Marc Ducret - Palm Sweat: Marc Ducret Plays the Music of Tim Berne (Out of Your Head Records, 2023)

By Gary Chapin

The wave of artists releasing “Plays the Music of Tim Berne” records is growing and I am completely there for it. This one, by guitarist Marc Ducret, is the third by a guitarist in the past few years — Gregg Belisle-Chi and Gordon Grdina were the other two — and this one has a special weight to it given Ducret and Berne’s 35 year musical relationship. Ducret, it seems to me, is in a position to understand Berne’s compositions in a way others might not. From Caos Totale (1990) to Snakeoil (yesterday), Ducret has been a powerful omnipresent friend, utterly individualistic in style. Palm Sweat is extraordinary.

“Palm Sweat is not a solo record” the liner notes tell us, and, indeed, an ensemble is woven through the tracks to expert effect. But the guitar — and Ducret’s way with it — is so utterly central to what’s going on that this still, in my mind, qualifies as a guitar record. The ensemble becomes one thing. (Just like in baroque ensembles where the harpsichord and cello are distilled into basso continuo.)

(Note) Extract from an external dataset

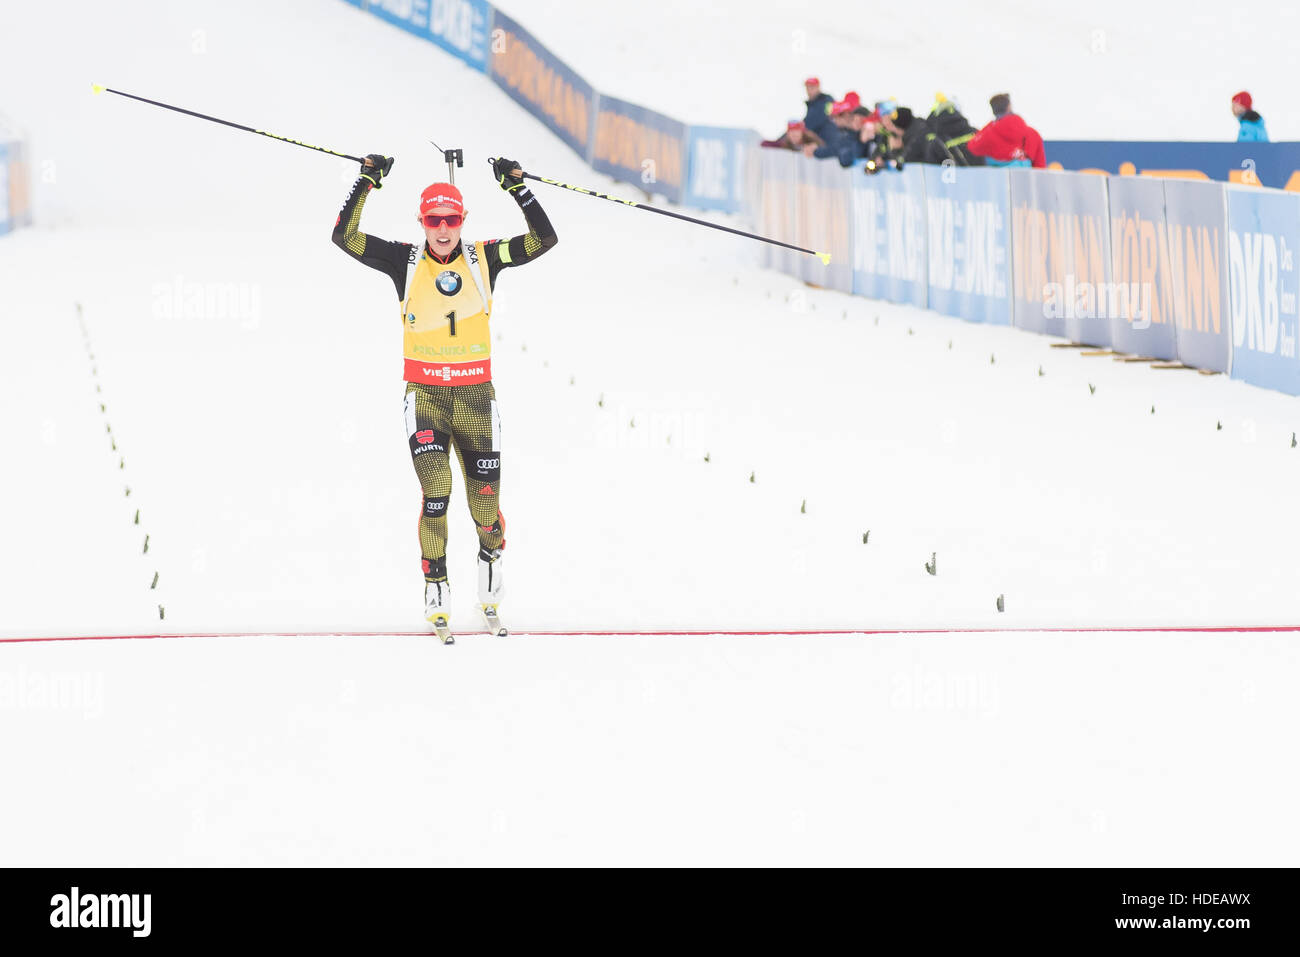 Pokljuka, Slowenien. 10. Dezember 2016. Laura Dahlmeier Deutschland Kreuzung Ziellinie während 10 km Verfolgung Stockbild

The opening track, “Curls/Palm Sweat/Mirth of the Cool,” opens with overdubbed fuzz guitars and then takes us through a series of landscapes, acting as a kind of overture to the whole set. Very quickly you understand that Ducret isn’t just “playing Tim Berne,” but taking brand new Berne compositions and re-visioning them, layer upon layer. He is “taking liberties,” and God bless him for it.

(The curious side of my personality starts to wonder what it is about this piece that makes it this piece? What’s on the scraps of paper Berne handed Ducret in 2020 that led to this recording?)

“Rolled Oats 2,” enters Ducret’s acoustic territory, a place of detuned, tortured syntax, and yet so charming. “Shiteless 1” has Ducret using repetition and electronics — things I don’t associate with Bernesong — to create hypnotic textures. The brass choir shows up for the first time and has a surreal bandshell vibe. The other voices voices — Fabrice Martinez (trumpet, piccolo trumpet, flugelhorn, tuba), Sylvaine Hélary (alto flute), Chrstiane Bopp (trombone), and Bruno Ducret (cello, voice, handclaps) — beautifully execute and are beautifully mixed and produced. Somehow, Ducret is using timbre, density, and shifting ensemble as a power source. Machine sounds and chanting create even more textural intrigue.

The pieces here tend to be episodic — broken into distinct sections that add to an overall story — and the collection is curated like a great poem, with sections that rhyme, assonate, and consonate. References and themes that are alluded to, but not explicated. Even the short cryptic ending piece, the acoustic “About This Recording,” adds to the satisfaction one feels with Palm Sweat.


Anonymous said...

Really, really excited for this one! First heard MD in TB’s Caos Totale & early jmt Bloodcount albums, and have been avidly tracking him since.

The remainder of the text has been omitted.